Понимание должно быть описано в терминах его потенциального исхода, поскольку сам раскаленный процесс, как он существует в транзите, не потерпит стабильных терминов, чтобы определить его. Потенциальность — это что-то, в чем каждая половина реальности упрекает другую; вещи потенциальны для чувства, потому что они не жизнь, и чувства потенциальны для науки, потому что они ускользают от определения. Понимать, поэтому, значит знать, что делать и что сказать в присутствии знака; и это практическое знание гораздо глубже, чем любое эхо, случайно пробужденное в фантазии в то же время. Инстинктивное распознавание имеет те эхо как самую поверхностную часть своего эффекта. Потому что я понимаю, что «лошадь» означает, слово может заставить меня вспомнить некоторый эпизод, в котором лошадь однажды фигурировала. Это понимание инстинктивно и практично, и, если фраза может быть прощена, это тело, которое понимает. Это тело, а именно, которое содержит привычку и готовность, на которых висит понимание; и чувство понимания, мгновенное отвержение всего, что сталкивается и делает бессмыслицу в этом контексте, есть лишь транскрипт образования тела. Актуальный разум — весь на виду; он весь спекулятивен, вибрирует, плод и дар тех низменных подземных процессов. Некоторые генеративные процессы могут быть названы психическими в том, что они служат разуму и дают ему ту небольшую непрерывность, которой он может похвастаться; но они не процессы в сознании. Процессы в сознании — эстетические или диалектические процессы, фокусирующие форму, а не вводящие существование. Ментальная активность имеет характер, совершенно чуждый ассоциации: она духовна, не механична; энтелехия, не генезис.

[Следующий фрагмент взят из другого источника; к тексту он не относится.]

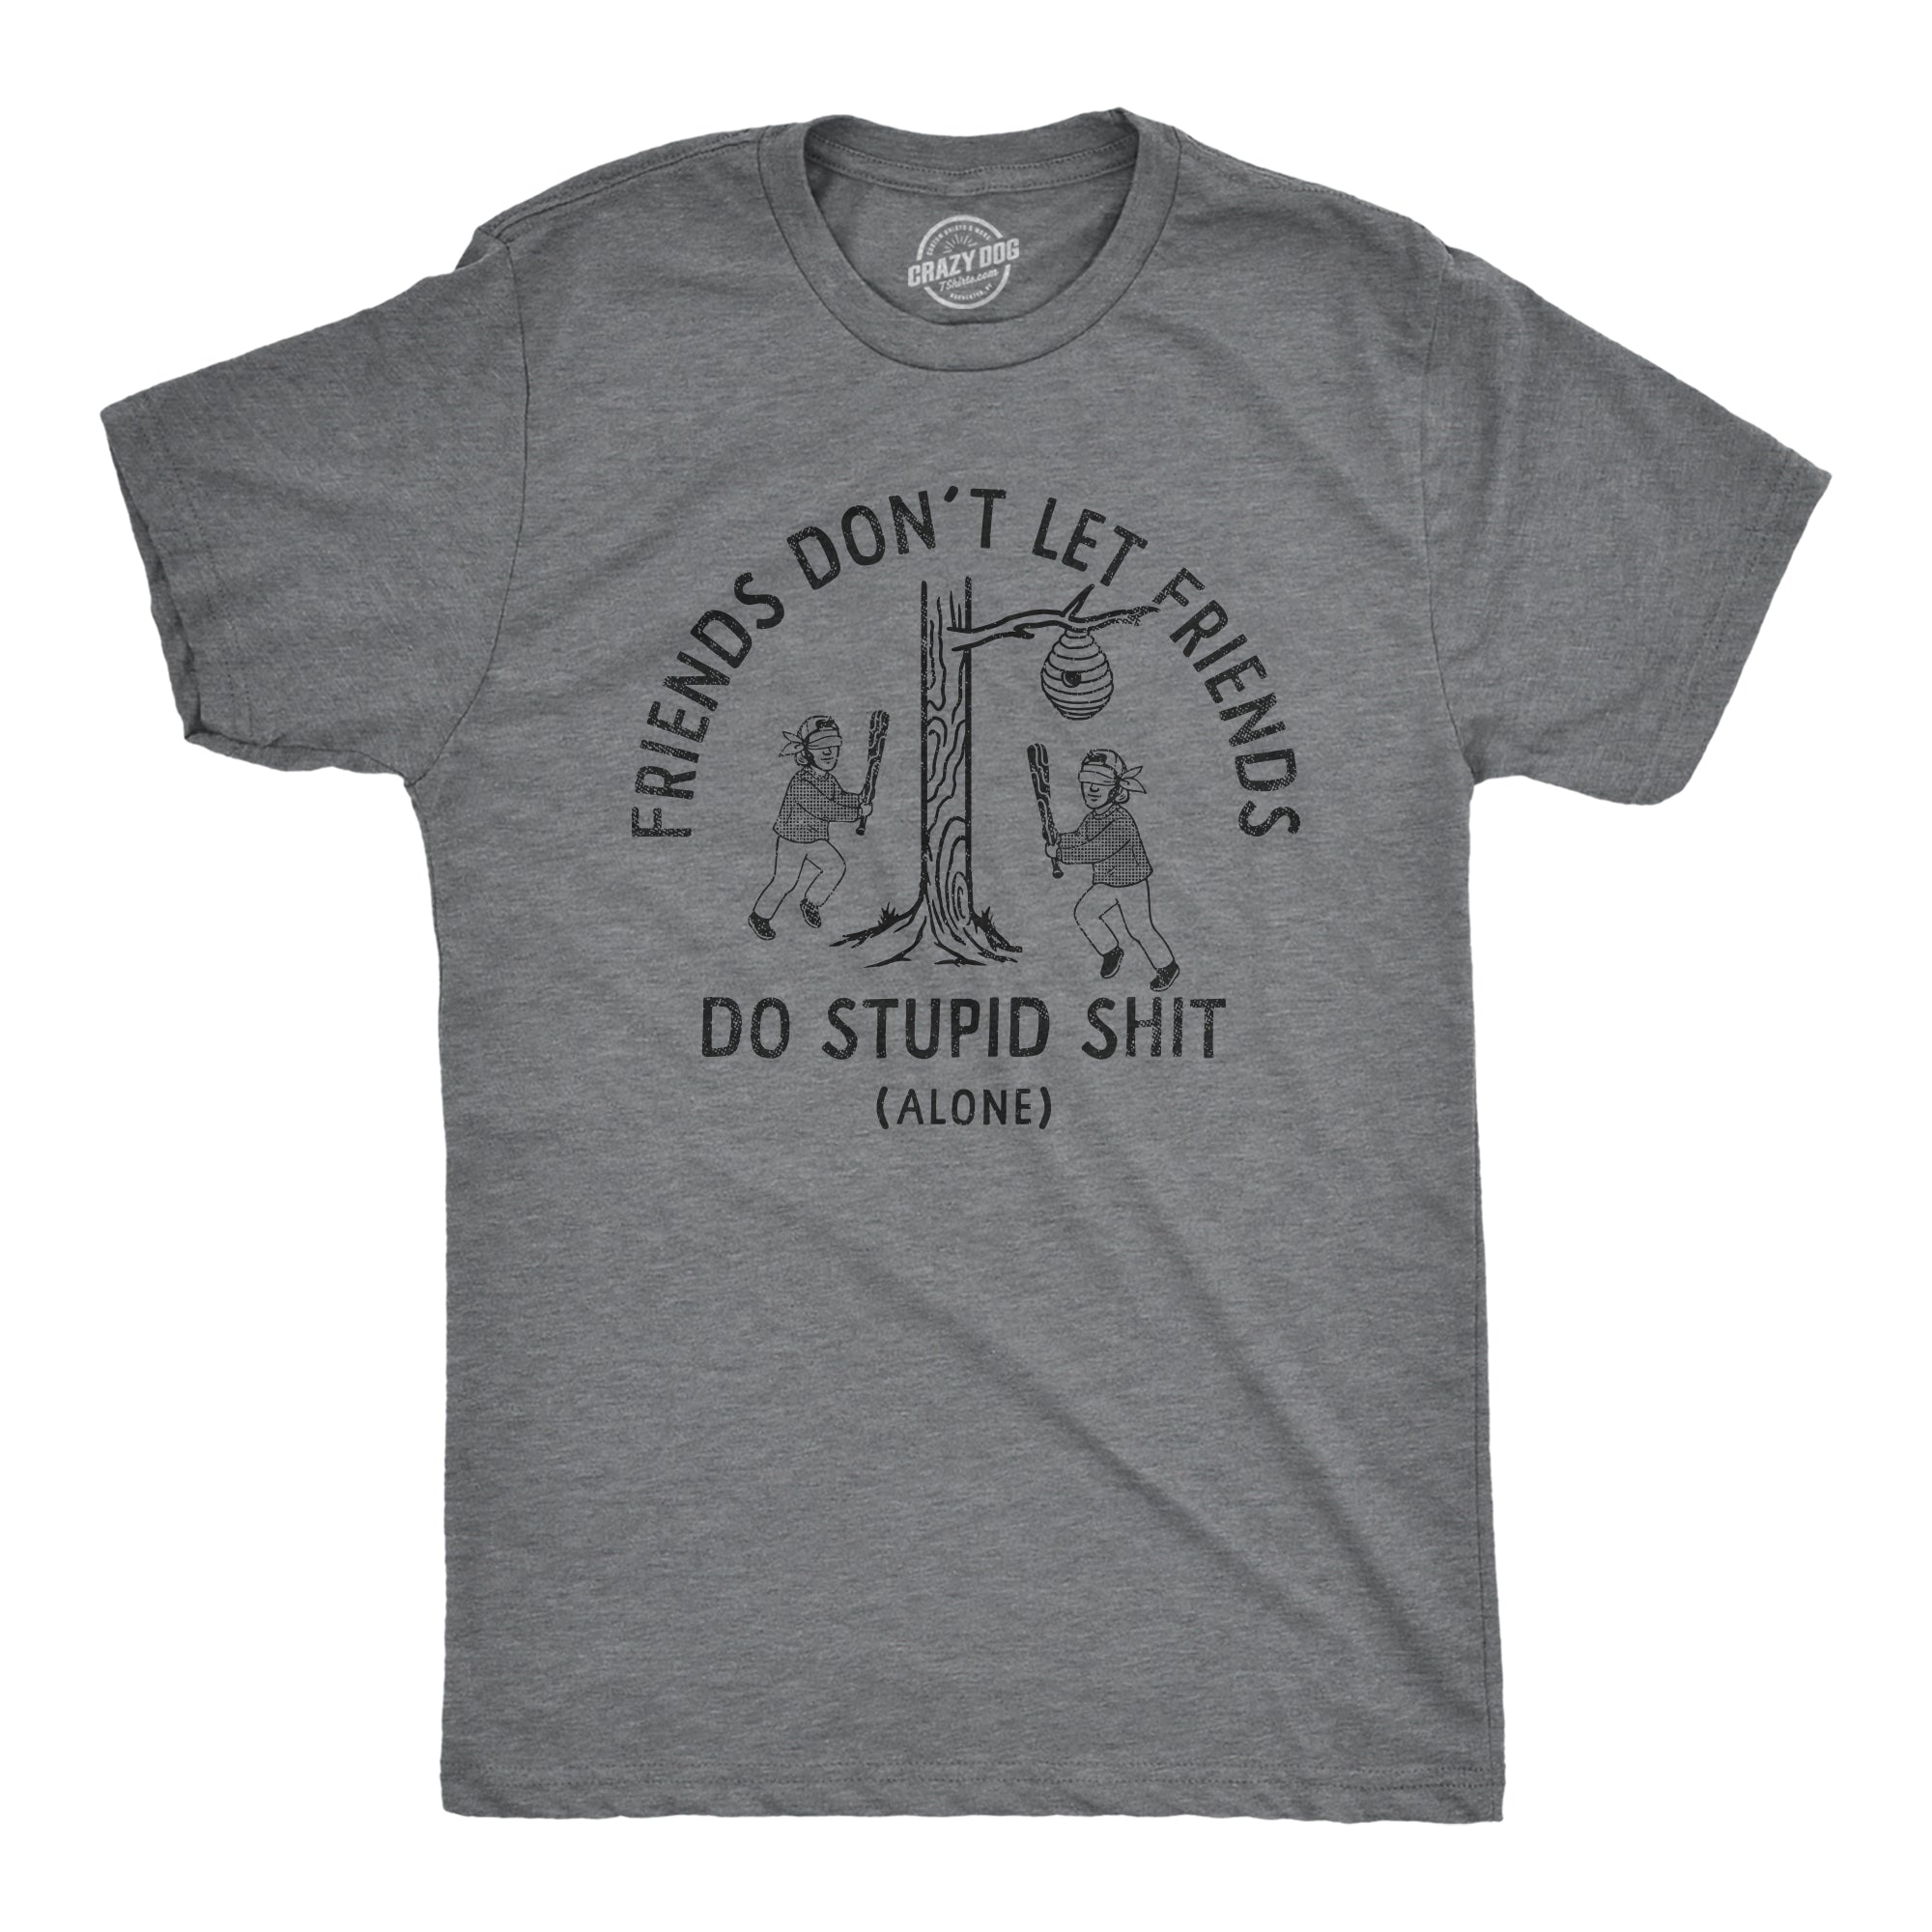 Funny Dark Heather Grey - STUPIDSHIT Friends Dont Let Friends Do Stupid Shit Alone Mens T Shirt Nerdy Sarcastic Tee

Suggestion a fancy name for automatism,
По этим и другим причинам ассоциация впала в некоторую дурную славу; но нелегко сказать, что, в абсолютной психологии, пришло на ее место. Если мы говорим о внушении, некоторый динамический поворот кажется данным делу; однако в каком смысле восприятие внушает свое будущее развитие, остается тайной. Что некоторое созревание и расширение сознания продолжается в человеке, не направляемое бывшими коллокациями идей, очень верно; ибо мы не влюбляемся в первый раз, потому что этот человек любил и эти пылкие эмоции были привычно ассоциированы в прошлом опыте. И любой страстный дискурс, открывающийся на каждом повороте в новые виды, показывает тот же сорт растительности. Однако заметить, что сознание автоматично, не значит раскрыть механизм, посредством которого оно развивается. Теория спонтанного роста предлагает меньше объяснения событий, если это возможно, чем теория ассоциации. Это, возможно, лучшее описание фактов, поскольку по крайней мере оно не делает попытки вывести их друг из друга.
and will another.
Если, напротив, отношение, подразумеваемое в бремени или воле момента, будет вызвано, связь установлена, насколько она идет, диалектична. Где диалектическое соответствие не найдено, материальная причина должна была бы быть призвана. Такая полудиалектическая психология была бы как у Шопенгауэра, вполне метафизической. Это могло бы быть большим улучшением абсолютной психологии, потому что это восстановило бы, даже если в мифических терминах, фон и значение жизни. Бессознательная Абсолютная Воля, алчный Гений Вида, всепритягивающие Платоновские Идеи баснословны; но под ними нетрудно угадать силы природы. Эта волевая школа поставляет хороший шаг от метафизики обратно к научной психологии. Остается лишь заменить инстинкт волей и объяснить, что инстинкт — или даже воля, если термин считается более утешительным — есть лишь слово, покрывающее ту оперативную организацию в теле, которая контролирует действие, определяет симпатии, диктует предпочтения и поддерживает идеацию.
Double attachment of mind to nature.
Что научная психология должна попытаться — ибо мало было достигнуто — может быть сведено к этому: Развить физиологию и антропологию, пока механизм жизни не станет ясным, по крайней мере в его общем методе, а затем определить, посредством эксперимента и хорошо просеянного свидетельства, какое сознательное сублимирование каждая из тех материальных ситуаций достигает, если действительно она достигает какой-либо. Всегда останется, несомненно, много регионов, где машина природы слишком тонка для нас, чтобы проследить, или ускользает от нас, вовлекая агентства, которые нам не хватает чувств, чтобы воспринимать. В этих регионах, где наука отрицается, мы должны будем быть удовлетворены пейзажной живописью. Более очевидные результаты и поверхностные гармонии, воспринимаемые в тех регионах, получат имена, и физика будет арестована на естественной истории. Где эти необъясненные факты ментальны, не будет трудно сделать более систематически то, что здравый смысл сделал уже, и привязать их, как мы привязываем любовь или патриотизм, к естественным кризисам, которые их подпирают.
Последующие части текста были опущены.